Oversight and ethical business practices are needed because when bad unicorns go down, we all suffer. Some more ethical startups may find it harder to find funding, and new ideas may never get off the ground.
But lack of oversight and seamless unlimited cash was not the only problem plaguing the tech world in 2019; dishonorable mentions can go to these well-established companies that perhaps should have known better.
Disney + (Failure To Launch)
Eager to jump into the streaming wars by undercutting Netflix on price (but perhaps not in content), entertainment giant Disney launched their spanking new streaming channel with significant fanfare, only to be plagued with error pages and crashes. This forced the company to issue a statement that it was aware of the situation and was working on correcting it.
To add insult to injury, news of an extensive personal data hack stemming from the hobbled launch of the streaming service has started to leak. It looks like the house of Mickey needs to go back to the drawing board and apologize to a lot of affected Disney+ customers.
Search giant Google’s days of 'not being evil' seem to belong to a distant memory. Happier times, when we took it at face value that Google's organic search results were the impartial result of complex algorithms that were blind to human manipulation, other than white hat SEO techniques.
Well, it turns out that Google's search results are more curated than they seem and skewed to benefit their best-paying customers while blocking competitors and smaller players. While we knew deep inside that ‘the house always wins,’ we wanted to believe that organic results were genuinely organic.
But when you have a company whose primary source of revenue is paid search, the temptation to put their finger on the scales was perhaps too large.
The Tech Entrepreneur’s Commandments
As tech entrepreneurs, tech turkeys like these should serve as a warning and sobering reminder that no matter how much technology we add to our businesses, it’s the human factor that can sometimes go haywire, either by lack of oversight, follow-through, or ethics.
Based on this, we've created the Tech Entrepreneur Thanksgiving Commandments.
1-Listen to your customers to learn their needs.
2-Be ethical and don't cut corners (particularly in safety and governance).
3-Provide good value for money and your customers will reward you.
4-Foster innovation (be open to new ideas).
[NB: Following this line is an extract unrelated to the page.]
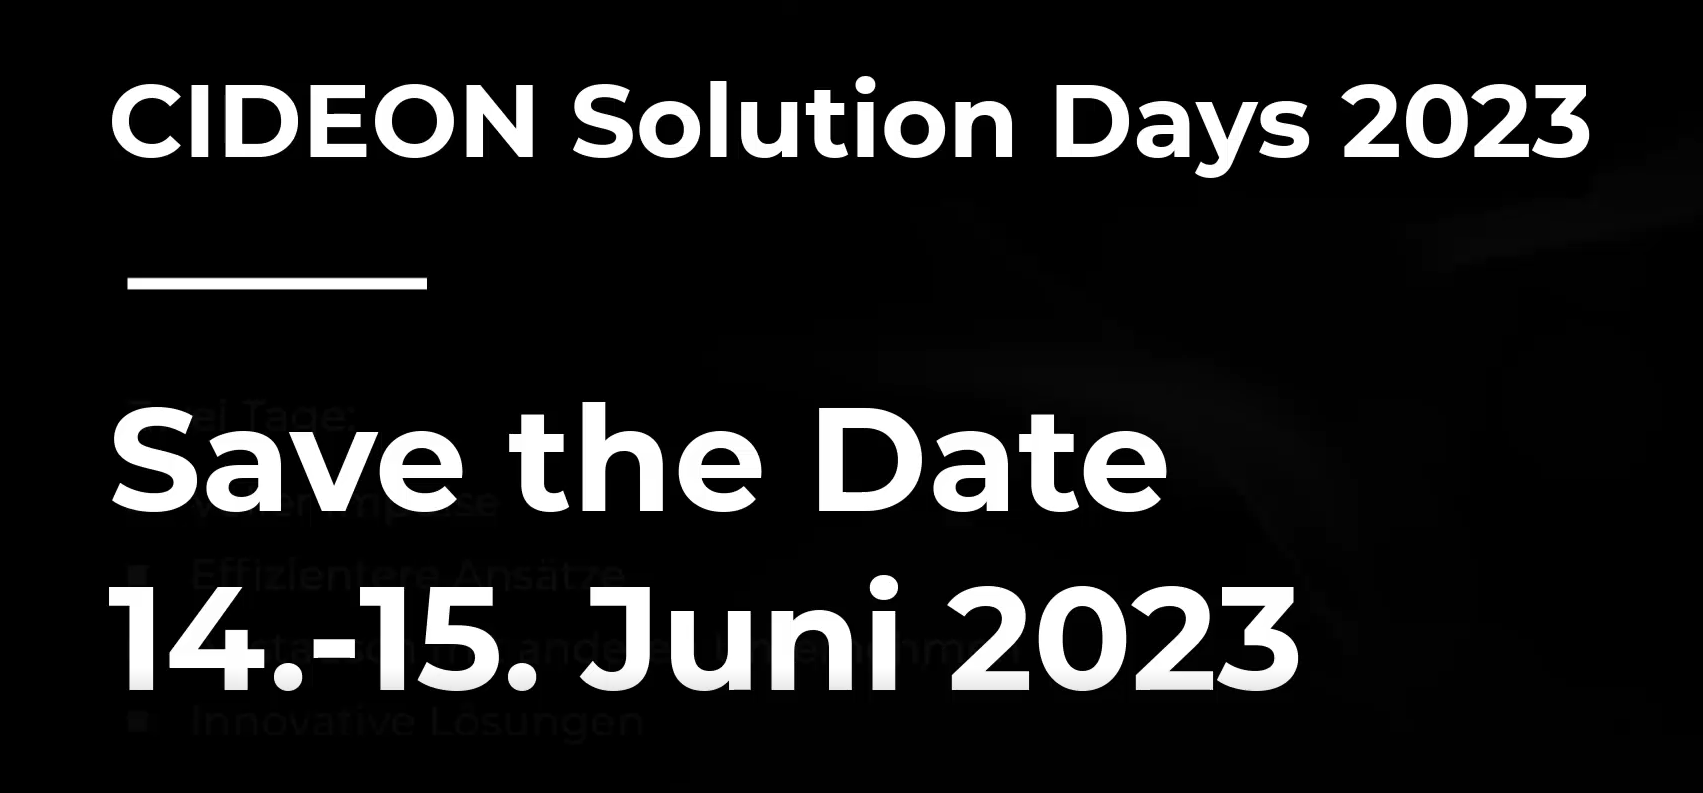 CIDEON Solution Days 2023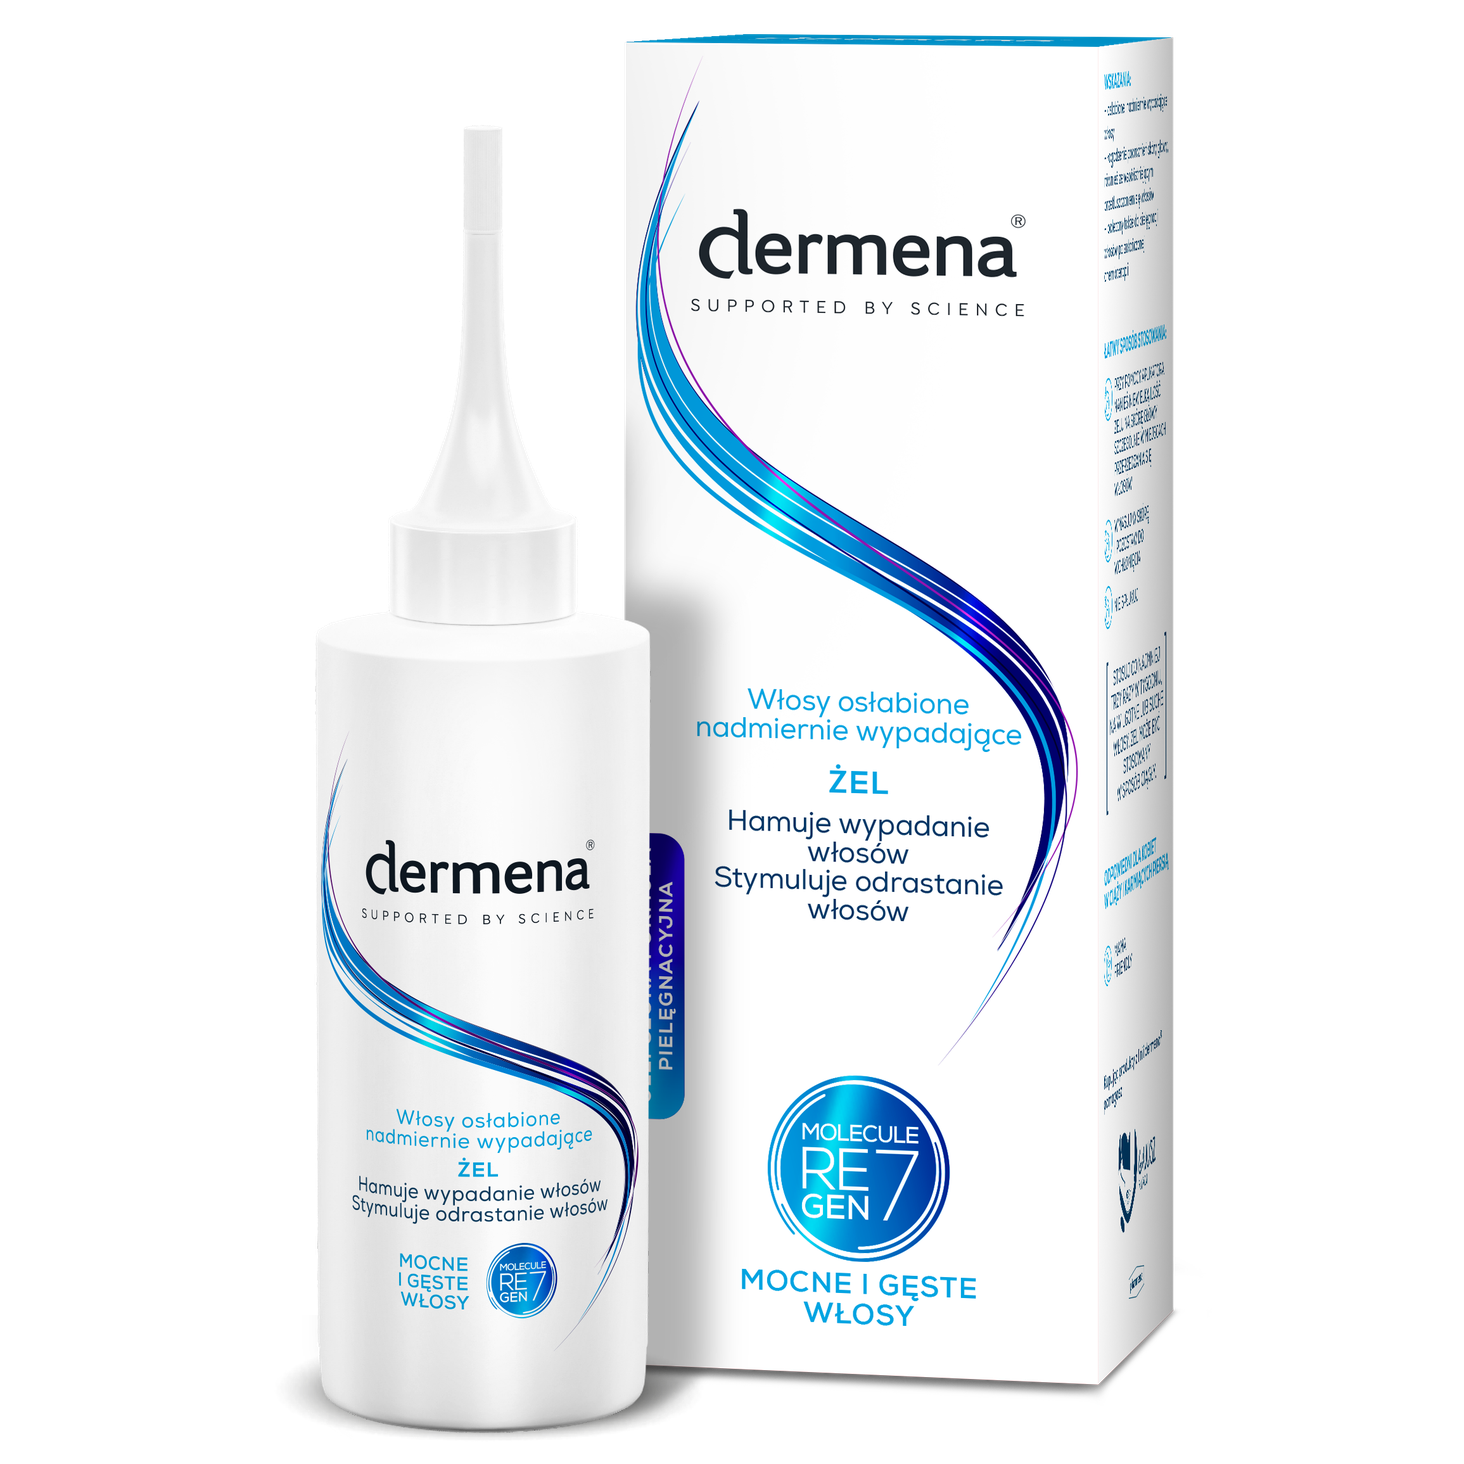 dermena szampon ceneo hair care

5-Use the right tools for the job (like using SherpaDesk for your PSA Software).
6-Keep it simple by focusing on the basics first, then build on that once you know your systems are robust.
7-Get the right people. Surround yourself with a team that shares your values.
8-Believe the data. Make decisions based on the data, not politics (easier said than done, but highly rewarding if you can stay the course!)
9-Admit your failures, apologize, and make it right fast (don't waste time by stonewalling).
10-Have fun. Otherwise, what's the point?